Even now that computing is on the curriculum in England, it only gets one hour a week on the timetable at KS3. If you compare this to physics or maths, which get five hours a week, computer science is comparatively very low.
So there's no simple answer, because you can't ask students to do more subjects or give them more hours of work. I think the change will be slow and steady; however, there is still a lot of great work happening to support it, like our Gender Balance in Computing program.
You recently received an MBE. What was that like?
It was kind of mind blowing. It all happened during lockdown because it was for the Queen's Birthday Honours in 2020, but they weren't announced until May 2021.

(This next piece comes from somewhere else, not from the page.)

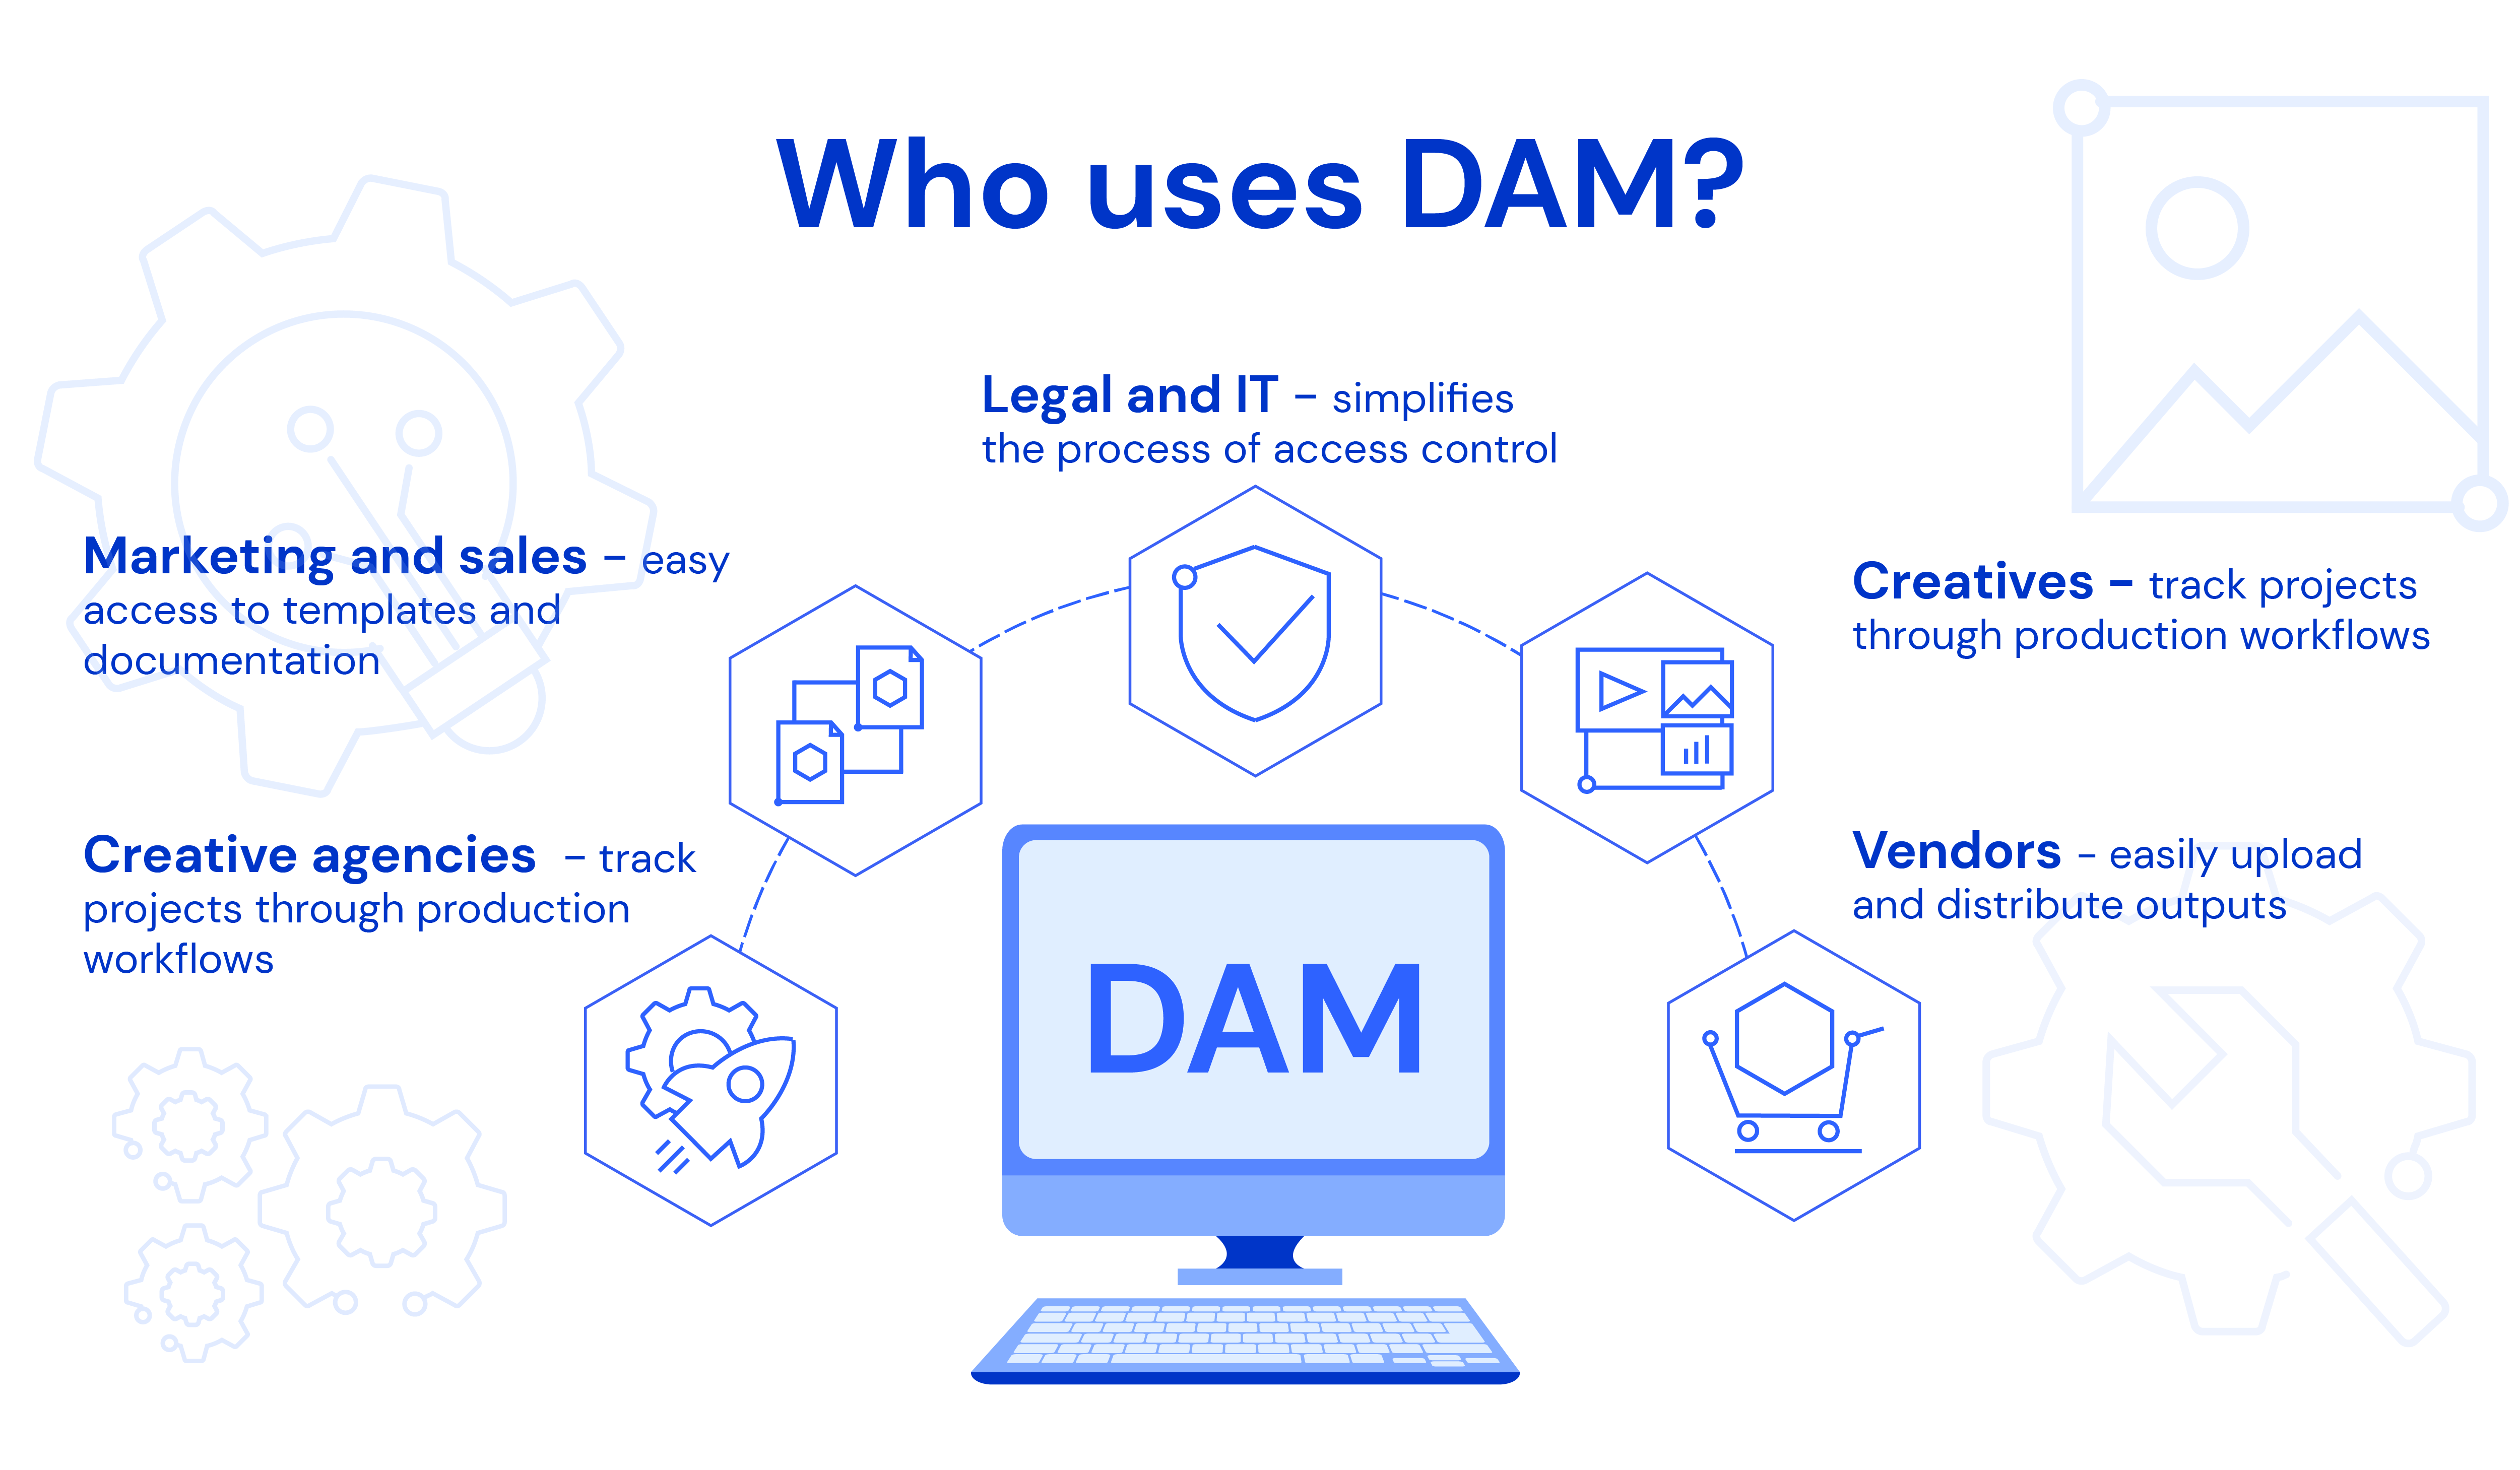 Who uses a DAM

It was quite overwhelming to think that anyone would even nominate me, let alone for the Palace to approve it and present it to me. I had to wait until November 2021 before I was invited for my investiture. The investiture itself was fantastically overwhelming, it was just incredibly astonishing to be in Windsor Castle under those circumstances. It was a lot for a little girl from Dagenham who is so far away from royalty. Her Royal Highness Princess Anne was a really good choice for them to put me with. She's the patron of WISE (Women In Science, and Engineering), so we had a really great conversation about Raspberry Pi. We spoke about what we were doing and talked about girls in computing.
It felt rewarding that she knew about what we're doing. While these honours are really great, they recognise individuals and what I would say is everything I've done, it's not been a solo effort. This MBE should recognise all of us, because it's our work that's being recognised, and not just me.
Do you have any advice for women and girls who would like to go into computing?
If you have an interest, don't let it dwindle. Push on all the doors because they will open for you. I think there is a lot of goodwill in the industry and although the environment might feel quite male dominated, a lot of those men are really keen to work with you and help you have a really great experience.
If you've got a passion for it, just keep going, because you'll get there and it's worth it in the end.
Lastly, do you have any programmes or websites you would like to recommend?
Coolest Projects is something that I tell everyone to check out. I think Raspberry Pi Clubs are great as well, but if you can't get yourself to a club right now, you can enter Coolest Projects and have that experience of digital making. I think it's such a valuable experience. It's one of the best things we do at Raspberry Pi as it is accessible to everyone across the world.